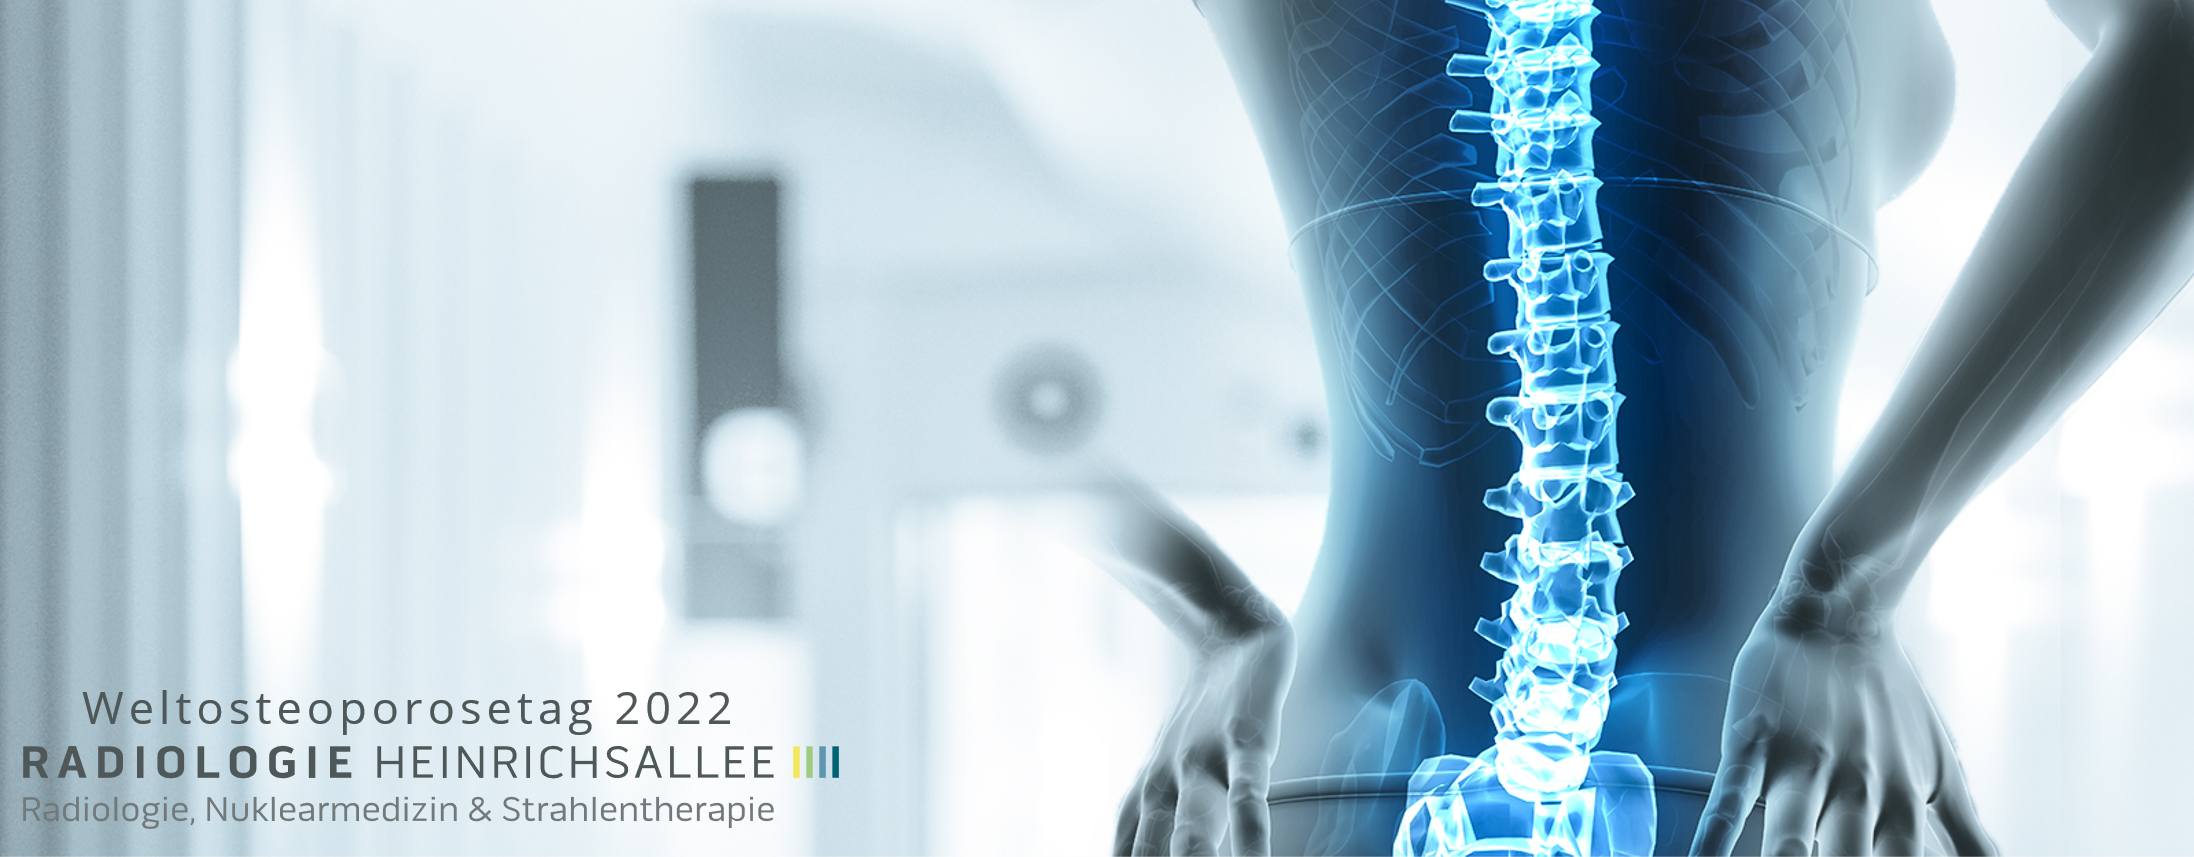 News | Radiologie Heinrichsallee | Weltosteoporosetag 2022
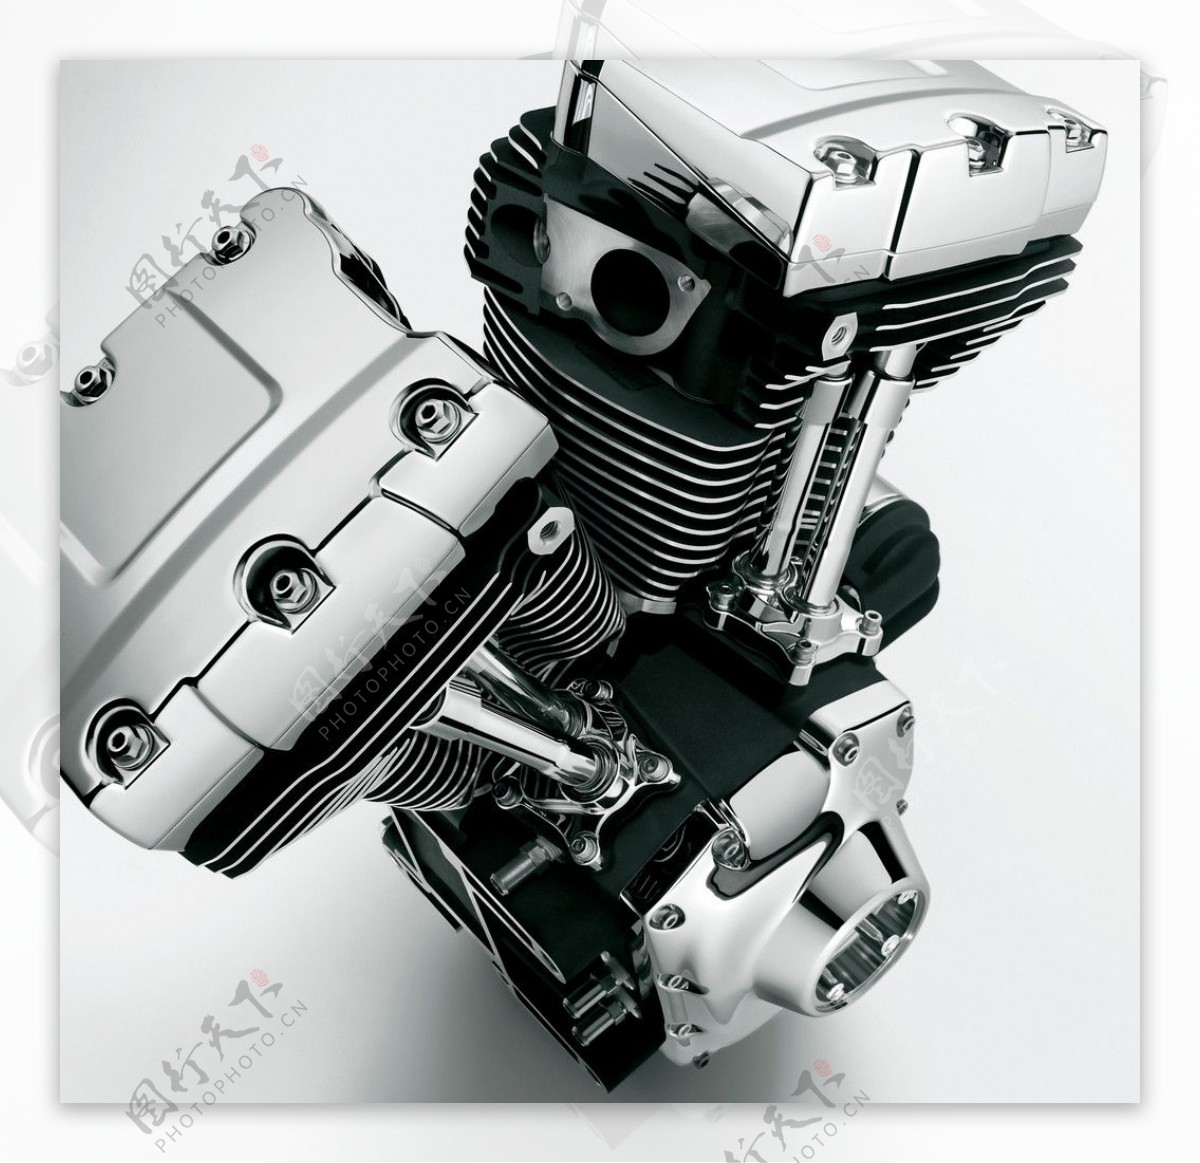 哈雷摩托引擎图片
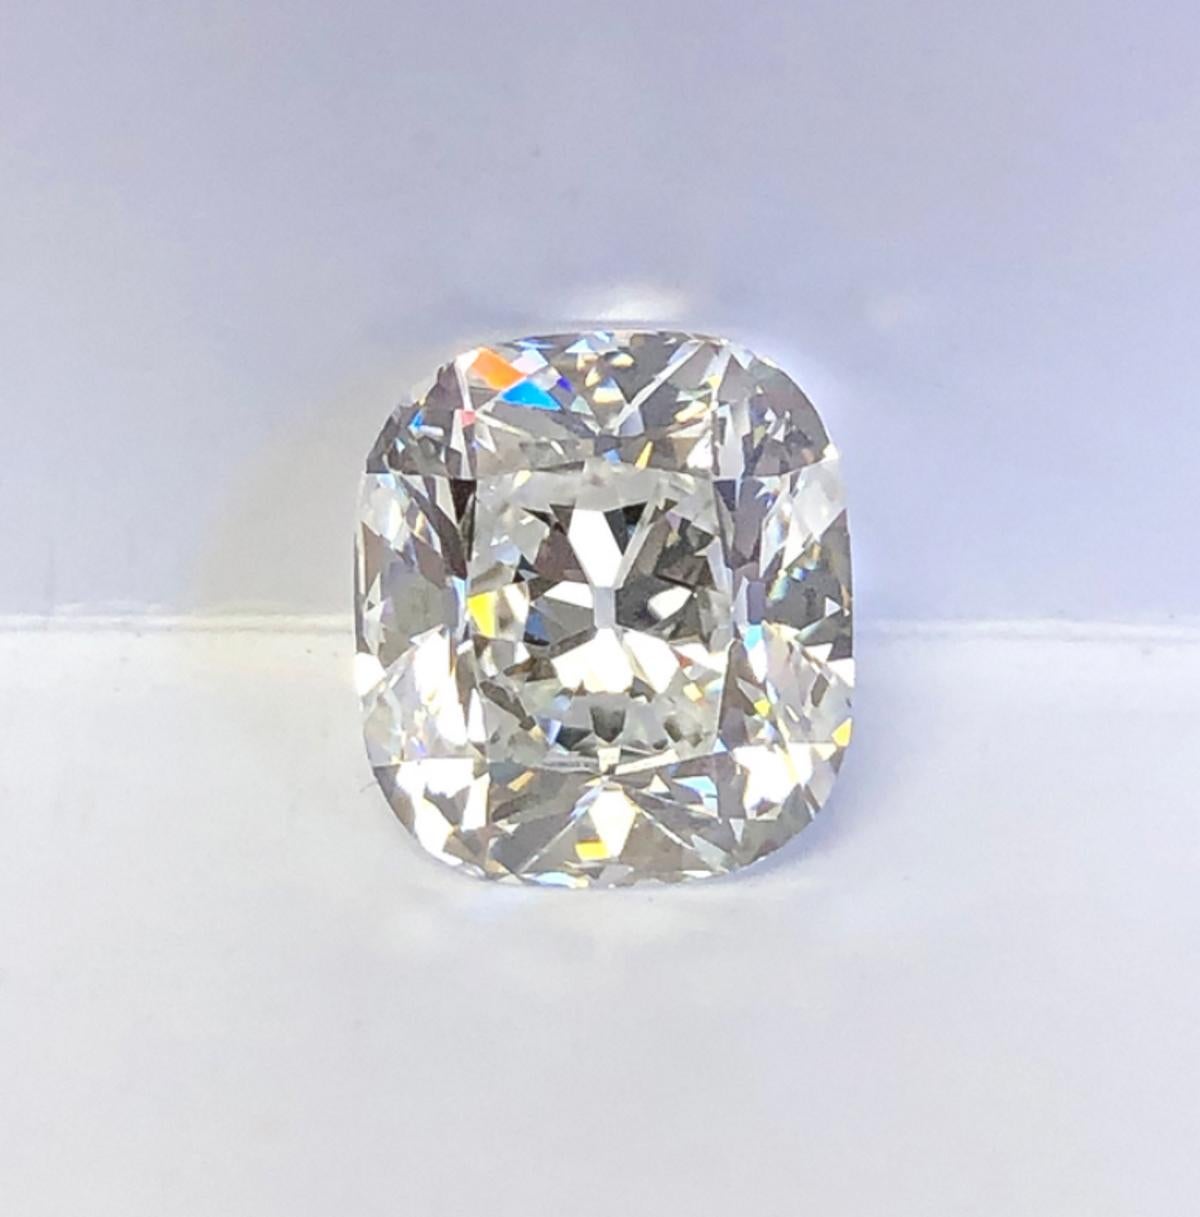 Cette magnifique bague met en valeur un remarquable diamant old miner de 2,01 ct, une gemme qui rayonne d'allure vintage et de sophistication intemporelle. Certifié par le Gemological Institute of America (GIA), ce diamant présente un grade de

• **EXERCISE BRIEF**:
Give back the material above word for word; no picture belongs in it.

• **REPLY TO THE TASK**:
 News | Radiologie Heinrichsallee | Weltosteoporosetag 2022
 哈雷摩托引擎图片
 Cette magnifique bague met en valeur un remarquable diamant old miner de 2,01 ct, une gemme qui rayonne d'allure vintage et de sophistication intemporelle. Certifié par le Gemological Institute of America (GIA), ce diamant présente un grade de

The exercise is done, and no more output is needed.